Image Classification Guide
This guide covers using DeepFix to diagnose image classification datasets. Learn how to ingest, validate, and analyze image datasets with DeepFix.
Overview
DeepFix provides specialized support for image classification tasks, including:
- Dataset quality checks
- Class balance analysis
- Image distribution analysis
- Data integrity validation
- Training/test split validation
Prerequisites
- DeepFix installed and configured (see Installation Guide)
- DeepFix server running
- Image dataset in PyTorch DataLoader format
- Python 3.11 or higher
Basic Workflow
Step 1: Prepare Your Dataset
Your image dataset should be in PyTorch DataLoader format:
from torch.utils.data import DataLoader
from torchvision import datasets, transforms
# Example: Load image dataset
transform = transforms.Compose([
transforms.Resize((448, 448)),
transforms.ToTensor()
])
train_dataset = datasets.ImageFolder('data/train', transform=transform)

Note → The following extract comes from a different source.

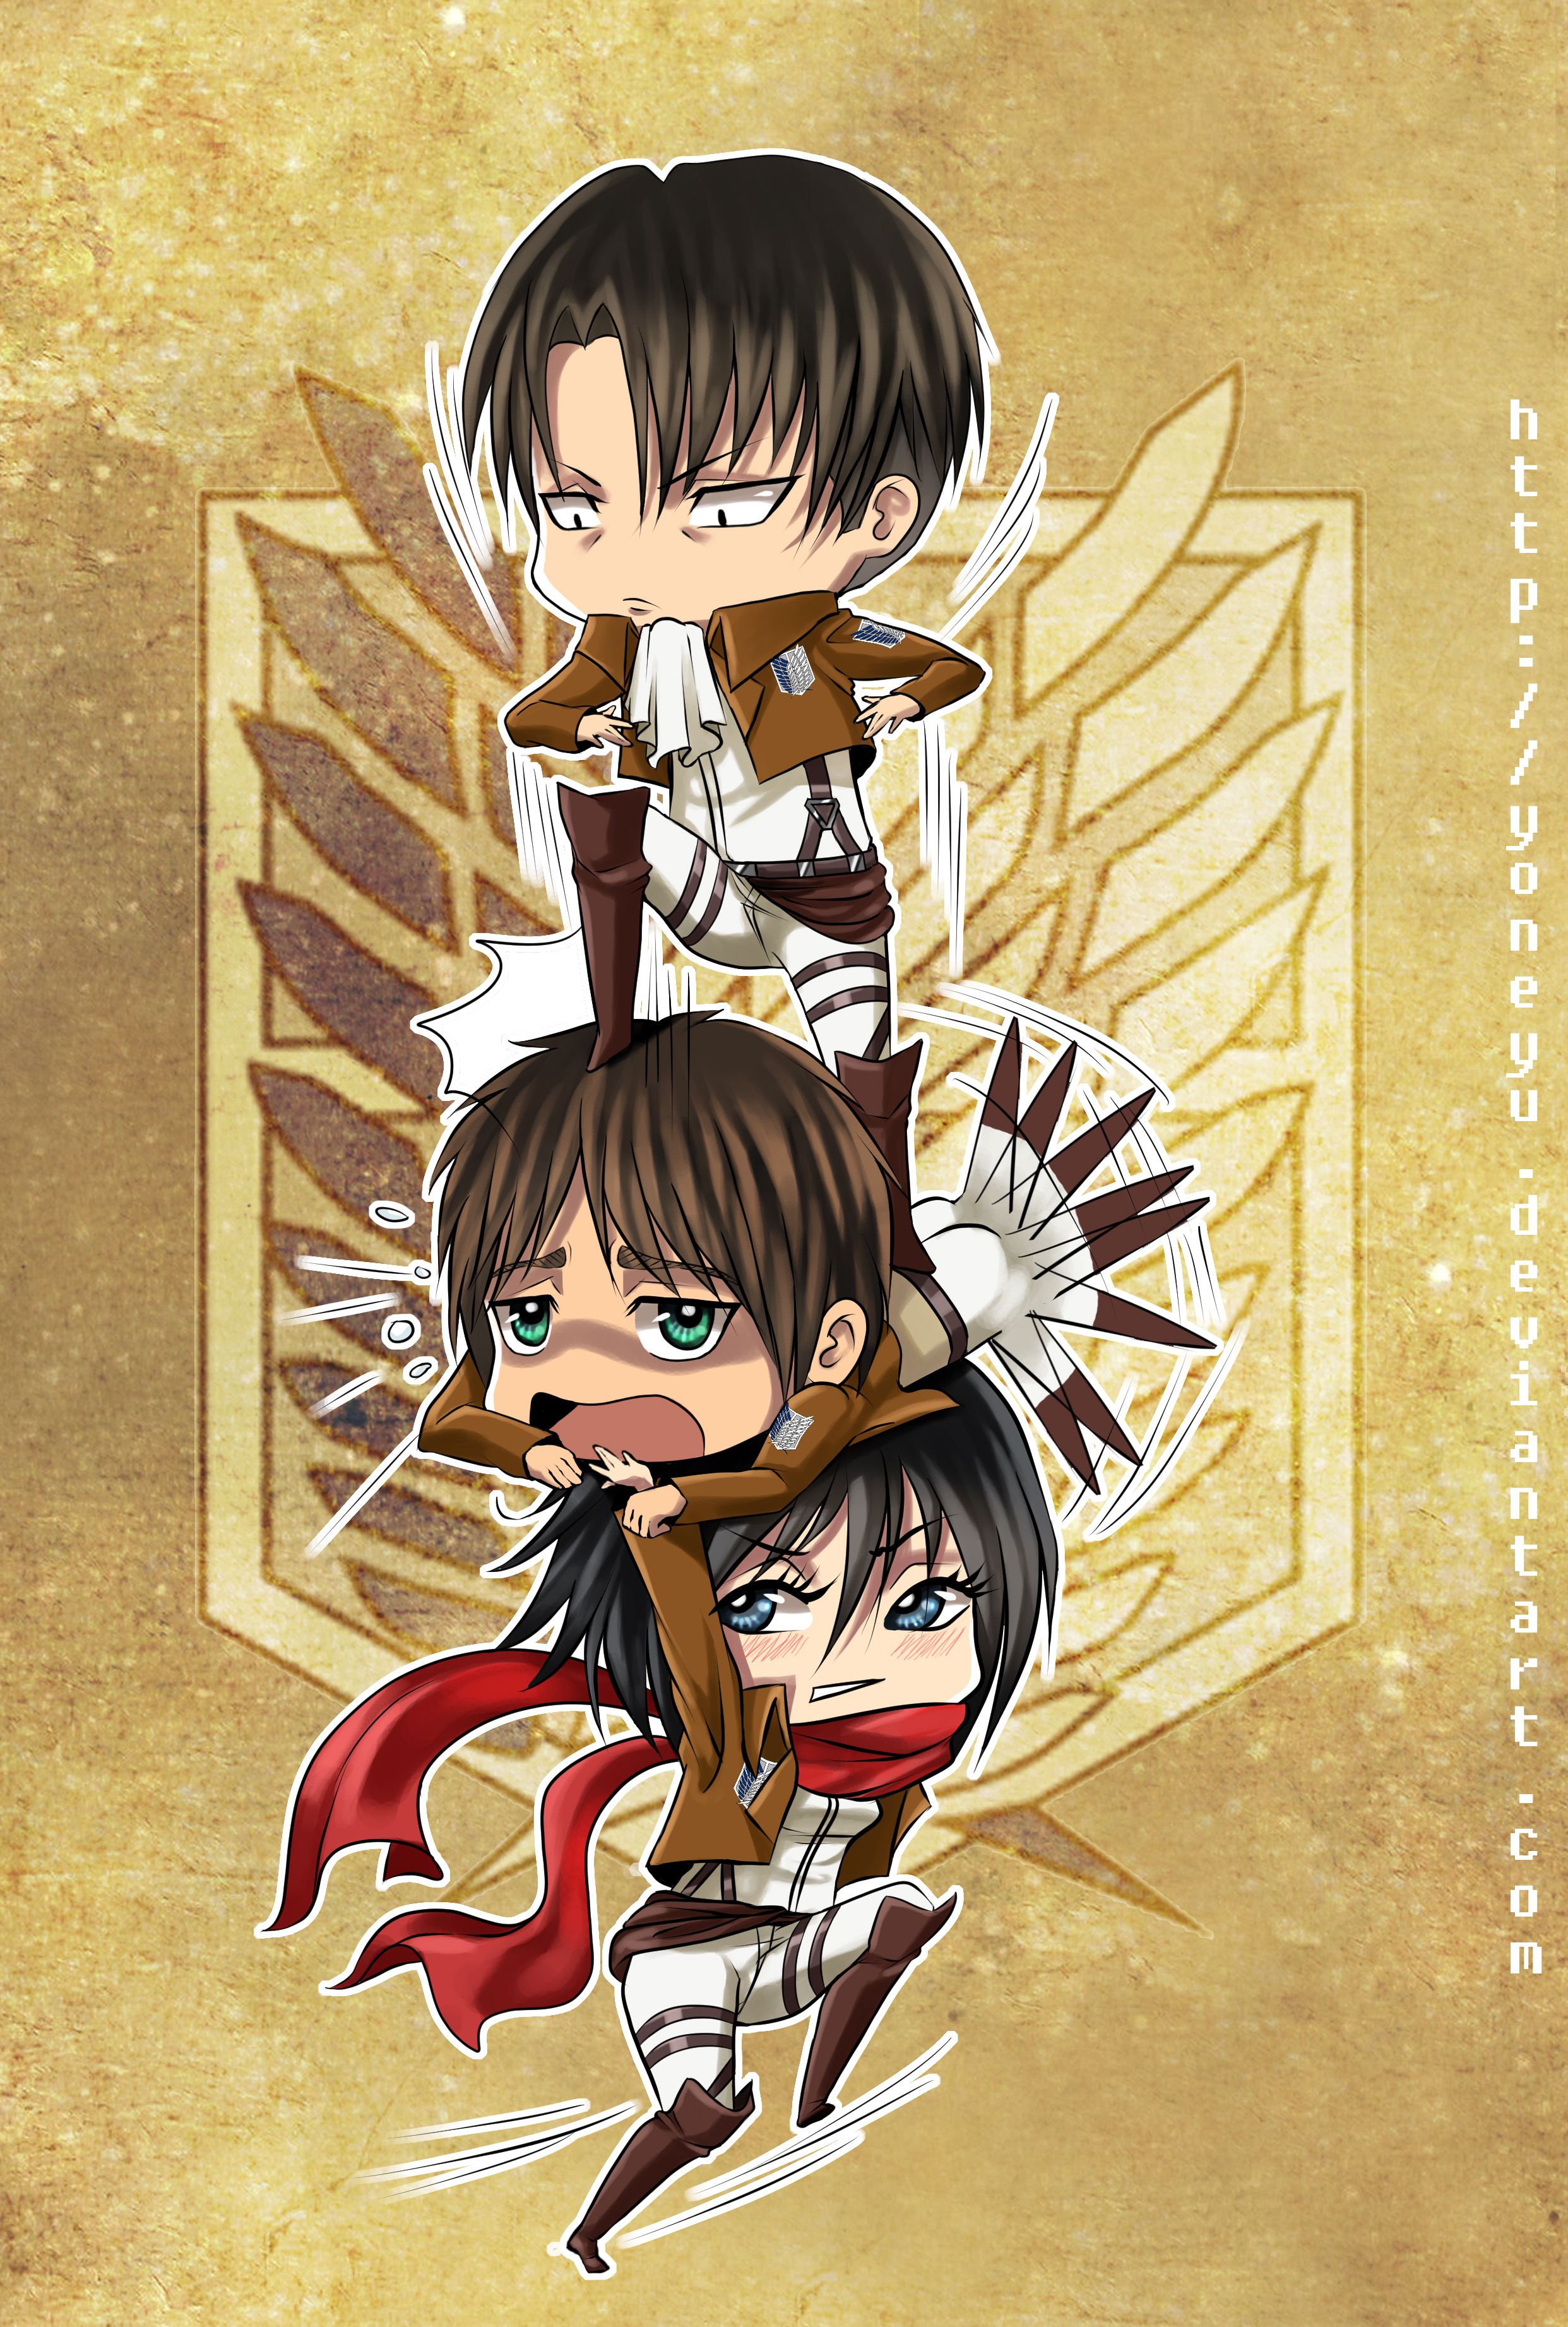 Attack On Titan Mobile Wallpaper 1572266 Zerochan Anime Image Board

val_dataset = datasets.ImageFolder('data/val', transform=transform)
train_loader = DataLoader(
train_dataset,
batch_size=8,
shuffle=True,
num_workers=4,
pin_memory=True
)
val_loader = DataLoader(
val_dataset,
batch_size=8,
shuffle=False,
num_workers=4,
pin_memory=True
)
Step 2: Wrap Dataset for DeepFix
from deepfix_sdk.data.datasets import ImageClassificationDataset
dataset_name = "my-image-classification"
# Wrap train and validation datasets
train_wrapped = ImageClassificationDataset(
dataset_name=dataset_name,
dataset=train_loader
)
val_wrapped = ImageClassificationDataset(
dataset_name=dataset_name,
dataset=val_loader
)
Step 3: Initialize Client
from deepfix_sdk.client import DeepFixClient
client = DeepFixClient(
api_url="http://localhost:8844",
timeout=120 # Increase timeout for large image datasets
)
Step 4: Ingest Dataset
client.ingest(
dataset_name=dataset_name,
train_data=train_wrapped,
test_data=val_wrapped,
train_test_validation=True, # Validate train/test split
data_integrity=True, # Run data integrity checks
batch_size=8, # Batch size for processing
overwrite=False # Don't overwrite existing dataset
)
Step 5: Diagnose Dataset
result = client.diagnose_dataset(
dataset_name=dataset_name,
language="english"
)
# View results
print(result.to_text())
Complete Example
Here's a complete example using the food waste dataset:
from deepfix_sdk.client import DeepFixClient
from deepfix_sdk.zoo.datasets.foodwaste import load_train_and_val_datasets
from deepfix_sdk.data.datasets import ImageClassificationDataset
# Initialize client
client = DeepFixClient(api_url="http://localhost:8844", timeout=120)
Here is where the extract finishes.